The only difference between || and or is precedence.
Brackets aka parentheses only affect context in a very few limited cases and this isn't one of them. The only
effect they have here is grouping, preventing my @d = @a or @b from meaning (my @d = @a) or @b.
Here are some of the limited cases:
- () followed by [] create a list slice, even in
scalar context (where only the last element will be returned).
@x = foo(); # foo called with list context
$x = (foo()); # foo called with scalar context
# note parens have no effect
$x = (foo())[@foo]; # foo called with list context
- () followed by = create a list assignment (as do @a= and %h=), placing the right of the assignment in list context.
@x = foo(); # foo called in list context
$x = (foo()); # foo called in scalar context
# note parens have no effect
($x) = foo(); # foo called in list context, note lack
# of parens around foo has no effect
- lack of () around the left operand of x forces scalar context. With (), the external list or scalar context will propagate onto the left operand.

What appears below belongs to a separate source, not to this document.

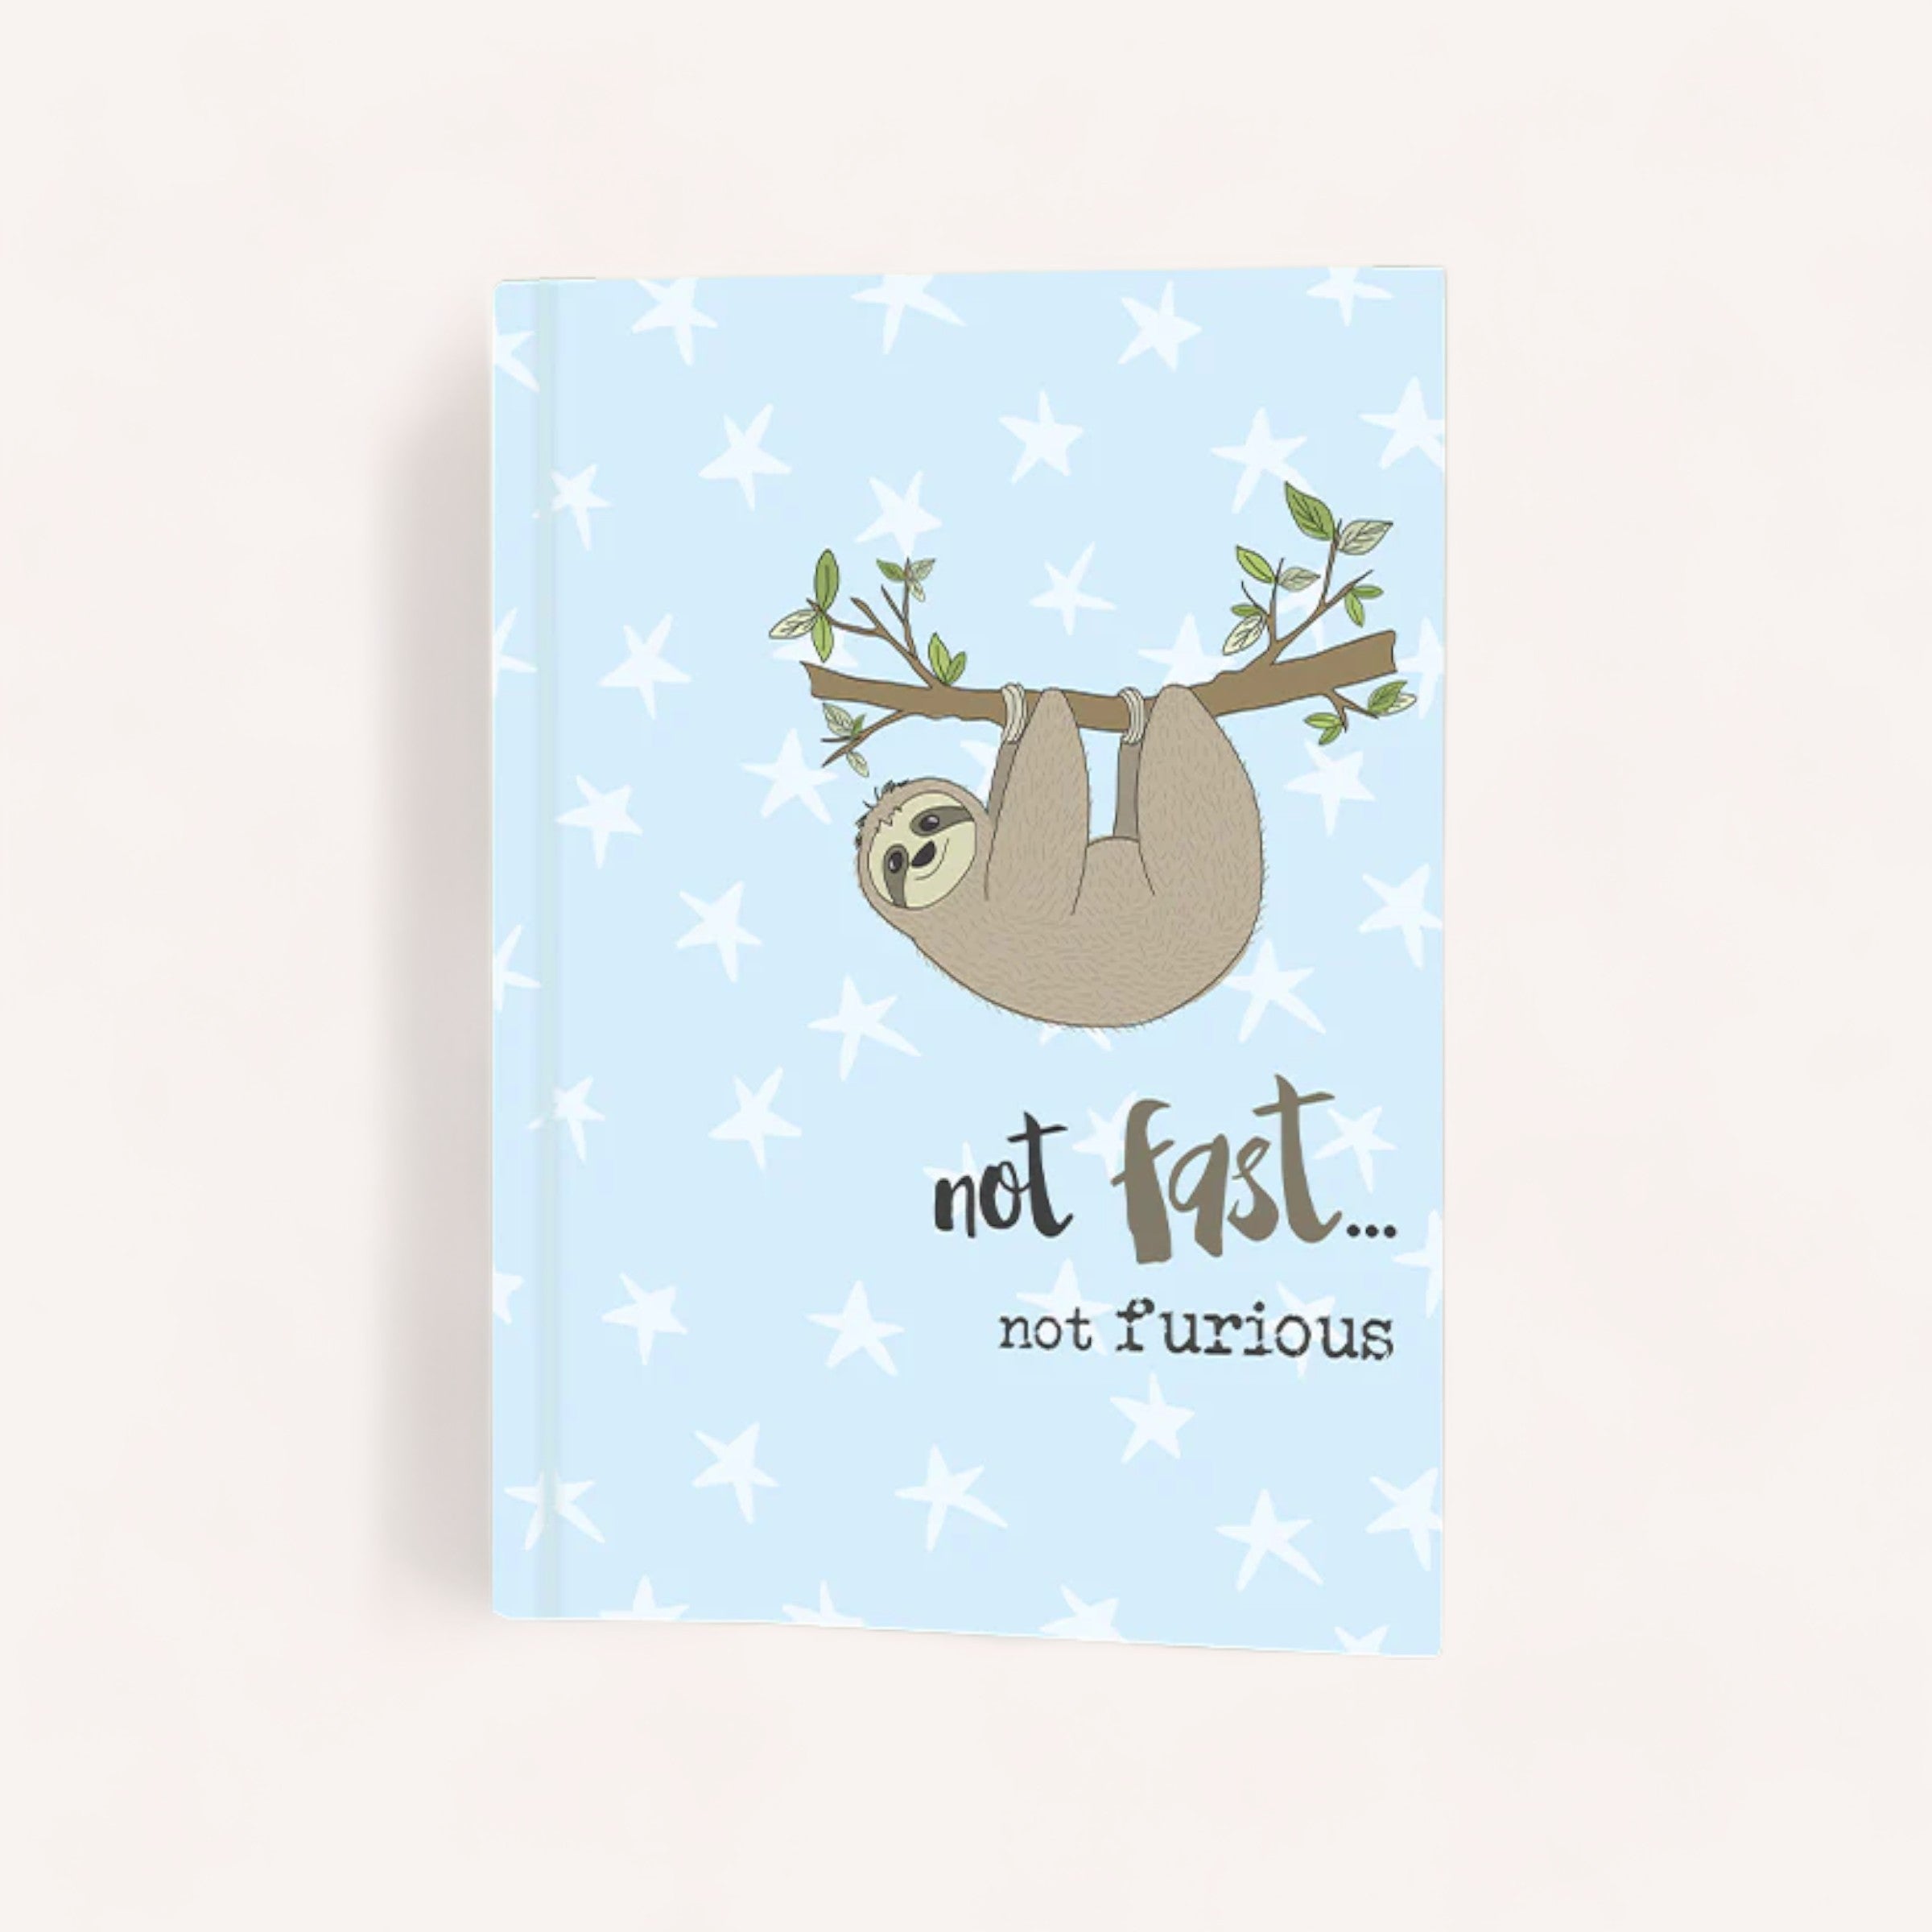 A serene blue Dandelion Not fast, Not furious Notepad featuring a cute illustration of a sloth hanging from a branch with the playful words "not fast... not furious" below it, surrounded by a pattern of stars.

foo() x 2; # foo called in scalar context
$x = foo() x 2; # foo called in scalar context
@x = foo() x 2; # foo called in scalar context
(foo()) x 2; # foo called in void context
$x = (foo()) x 2; # foo called in scalar context
@x = (foo()) x 2; # foo called in list context
The converse of the ()-doesn't affect context principle can be stated: functions, operators, and control constructs (and, for, etc.) create context; parentheses don't. You can look at the above list as cases where the parentheses are part of the operator; that is, (...)[...] , (...)= , and (...)x are operators, and (in the case of the latter two) can apply context differently than without the parentheses.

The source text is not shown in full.